Dataset Card: Harvard-FairDomain

Dataset Summary

Harvard-FairDomain is a large-scale ophthalmology dataset designed for studying fairness under domain shift in medical image analysis. It supports both image segmentation and classification tasks, with 10,000 samples per task drawn from 10,000 unique patients. The dataset introduces an additional imaging modality — en-face fundus images — alongside the original scanning laser ophthalmoscopy (SLO) fundus images, enabling cross-domain fairness research.
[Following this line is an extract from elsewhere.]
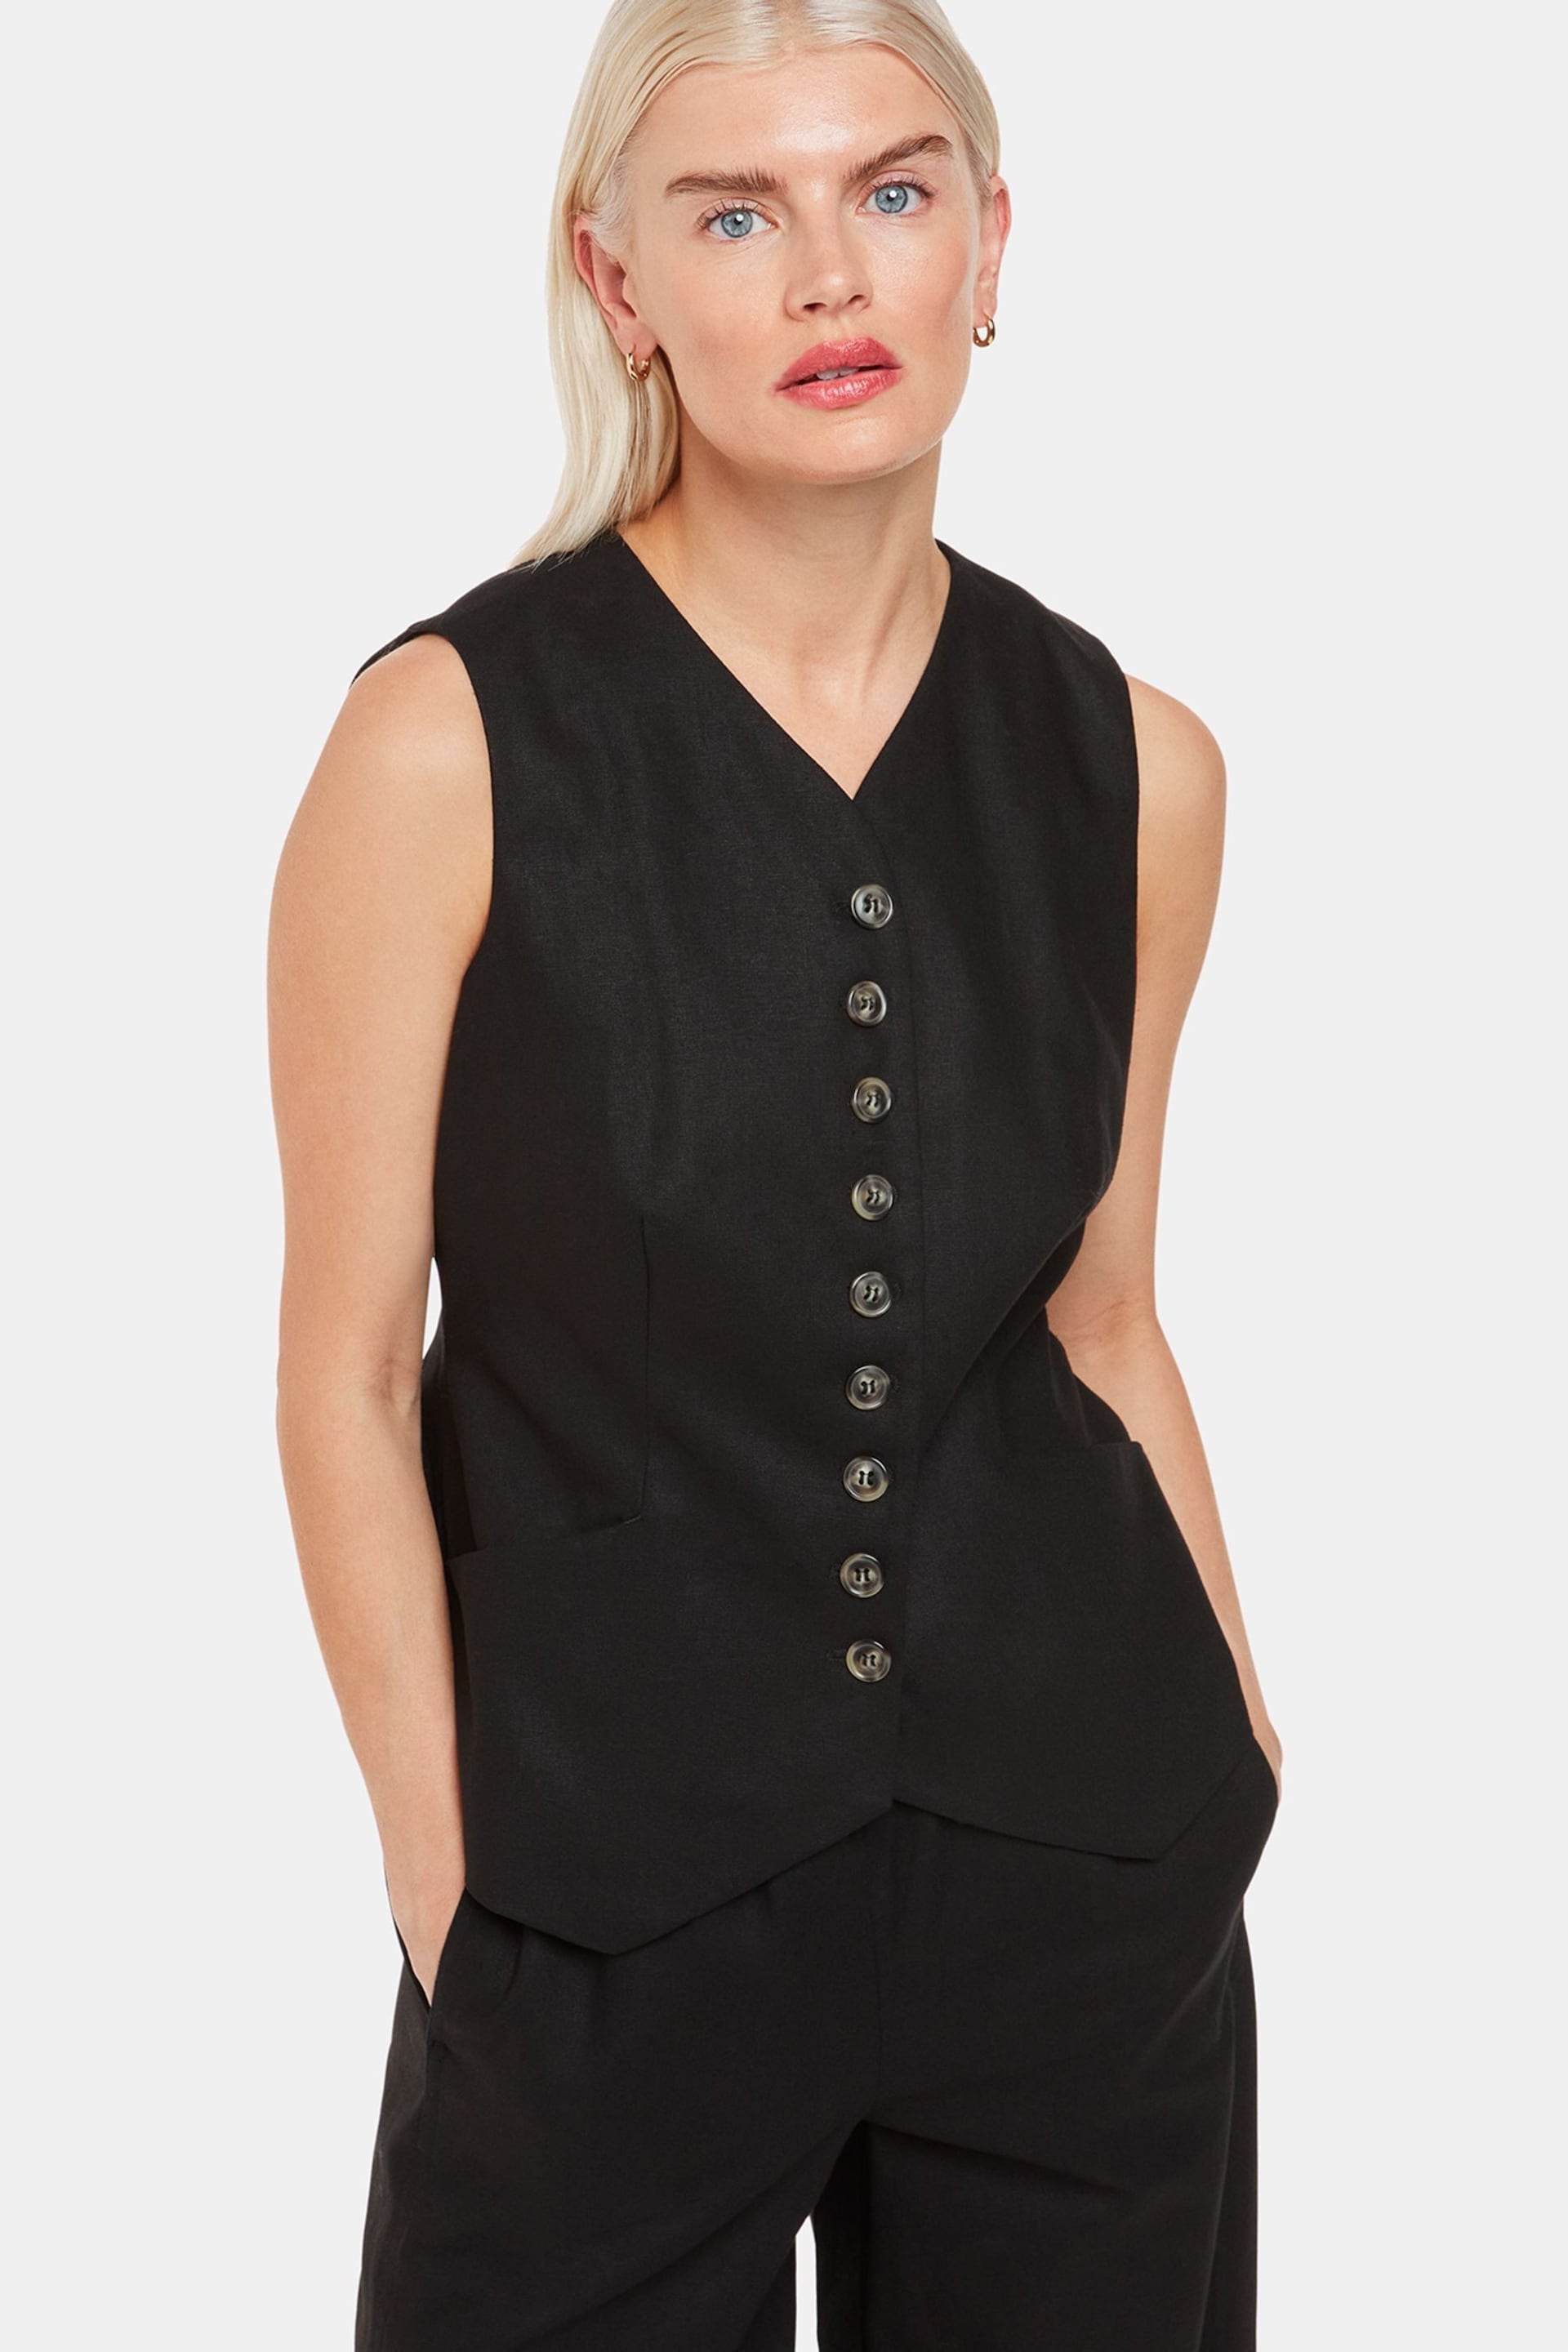 Whistles Lindsey Linen Blend Black Type Waistcoats - Image 1 of 5

This dataset was introduced in the ECCV 2024 paper: FairDomain: Achieving Fairness in Cross-Domain Medical Image Segmentation and Classification.

Dataset Details

Dataset Description

Field Value
Institution Department of Ophthalmology, Harvard Medical School
Tasks Medical image segmentation, medical image classification
Modalities En-face fundus image, scanning laser ophthalmoscopy (SLO) fundus image
Samples 10,000 (segmentation), 10,000 (classification)
Patients 10,000 per task (unique patients)

Source Data

Harvard-FairDomain is derived from two existing Harvard ophthalmology datasets:

En-face fundus images were added to both subsets as a new imaging domain on top of the original SLO fundus images, enabling cross-domain fairness benchmarking.

Uses

Direct Use

Research on algorithmic fairness in cross-domain medical image segmentation and classification, including studies of model performance disparities across demographic groups under distribution shift.

Out-of-Scope Use

Clinical diagnosis, commercial applications, or any use prohibited by the CC BY-NC-ND 4.0 license.

Citation

BibTeX:

@article{tian2024fairdomain,
  title={FairDomain: Achieving Fairness in Cross-Domain Medical Image Segmentation and Classification},
  author={Tian, Yu and Wen, Congcong and Shi, Min and Afzal, Muhammad Muneeb and Huang, Hao and Khan, Muhammad Osama and Luo, Yan and Fang, Yi and Wang, Mengyu},
  journal={arXiv preprint arXiv:2407.08813},
  year={2024}
}

APA:

Tian, Y., Wen, C., Shi, M., Afzal, M. M., Huang, H., Khan, M. O., Luo, Y., Fang, Y., & Wang, M. (2024). FairDomain: Achieving Fairness in Cross-Domain Medical Image Segmentation and Classification. arXiv preprint arXiv:2407.08813.